Qatar WorldSBK: Rea ties Polen with race one win
Jonathan Rea has tied Doug Polen's all-time record of 17 wins in a season, with victory on Friday night at the Qatar World Superbike season finale.
Kawasaki's newly crowned four-time champion snatched the holeshot from team-mate and pole starter Tom Sykes, then inched away from the Englishman to claim his eleventh victory in a row by 1.4s.
Tomorrow night will see Rea chase a new record of seven double-wins in a year.
Jonathan Rea has tied Doug Polen's all-time record of 17 wins in a season, with victory on Friday night at the Qatar World Superbike season finale.
Kawasaki's newly crowned four-time champion snatched the holeshot from team-mate and pole starter Tom Sykes, then inched away from the Englishman to claim his eleventh victory in a row by 1.4s.
Tomorrow night will see Rea chase a new record of seven double-wins in a year.
Behind the ZX-10s, SMR Aprilia's Eugene Laverty helped put himself in the shop window for 2019 by holding third for much of the race, under constant pressure from Pata Yamaha's Alex Lowes.
Lowes attacked early on the final lap, Laverty retaliated, but Lowes outbraked the Irishman again at Turn 12.

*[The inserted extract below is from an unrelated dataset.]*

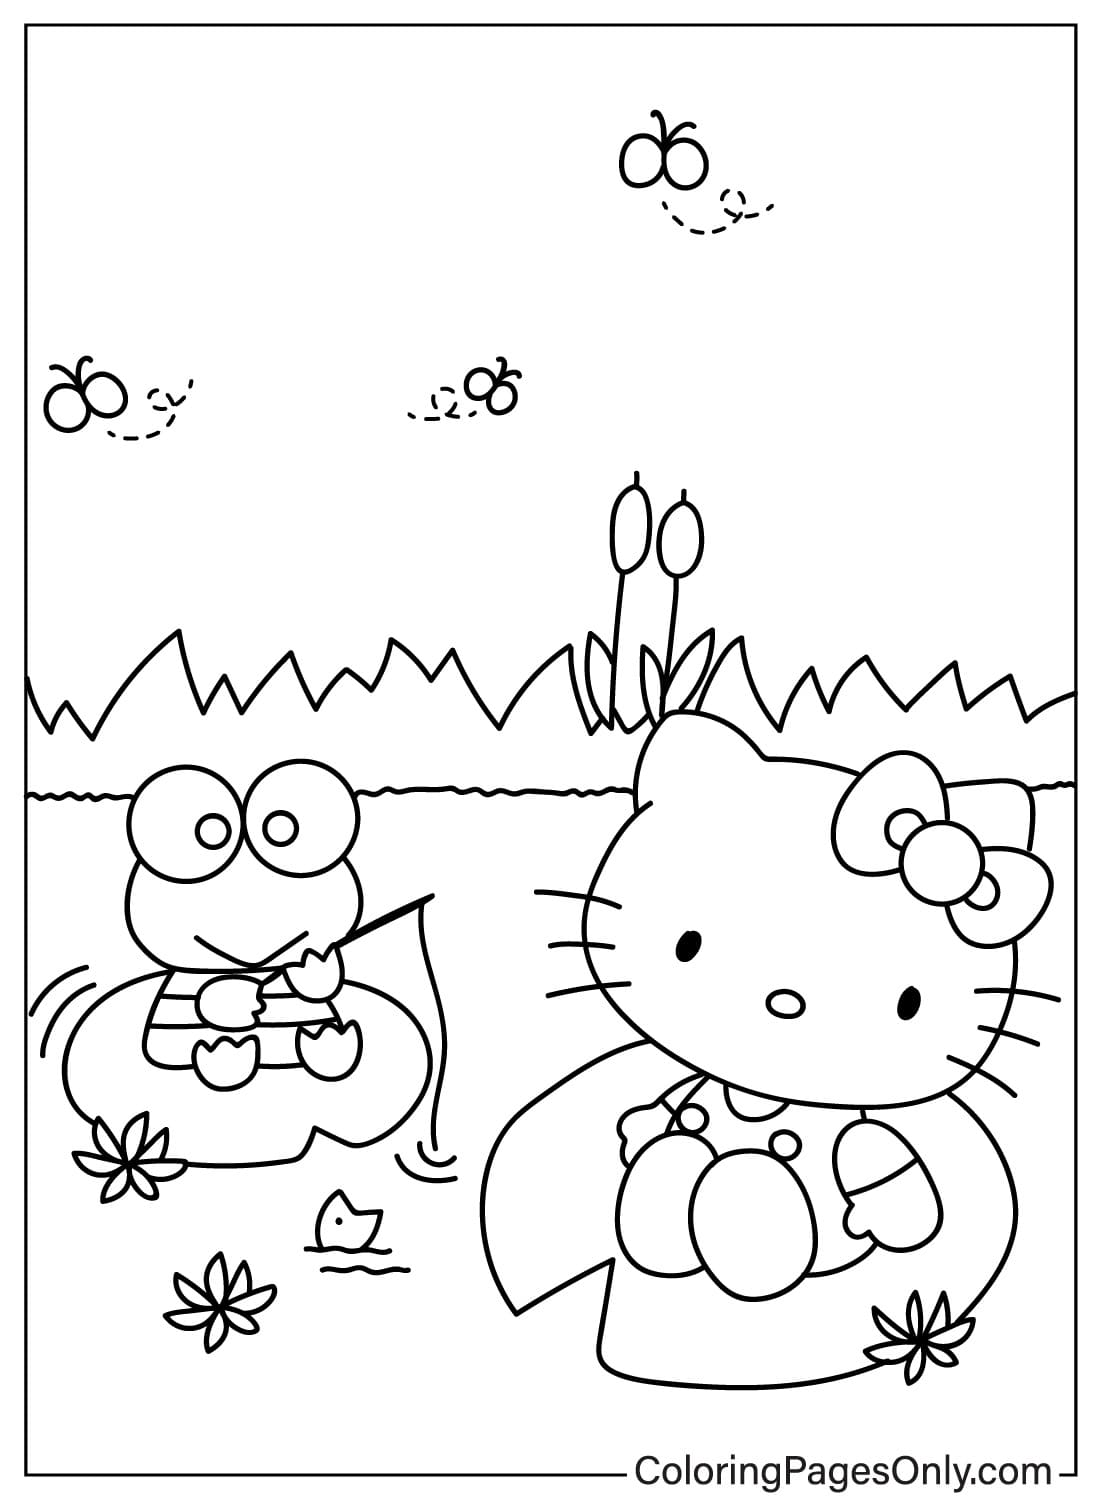 Keroppi, Página para colorear de Hello Kitty de Keroppi

Laverty was lining up a drag race to the line only to suffer a big front-end scare through the final corner, confirming a hard-fought podium for Lowes.
Marco Melandri and Xavi Fores spent most of the race fighting for top Ducati honours in the V-Twin's penultimate appearance. Barni-rider Fores held the advantage until plummeting from fifth to 13th on the last lap.
Likewise, Melandri's team-mate Chaz Davies (Ducati) and Lowes' team-mate Michael van der Mark (Yamaha) - who will settle second in the world championship this weekend - were nose-to-tail for much of the 17 laps.
However, both were caught and passed by charging Althea BMW rider Loris Baz in the closing stages, the Frenchman seizing what became sixth place after Fores' decline.
Although van der Mark comfortably got the better of Davies, who only just held off the Red Bull Honda of Jake Gagne, the Welshman will start Saturday's race with a 23-point advantage.
After the race, it emerged that Davies and others were caught out by a wrong 'last lap' message displayed over the finish line, suggesting the race would end a lap earlier than it did – although ultimately it's always the chequered flag that declares a race over.
Gagne's team-mate Leon Camier fell at Turn 12 in the middle stages, with MV Agusta's Max Scheib the only other non-finisher out of the slender 17-rider field.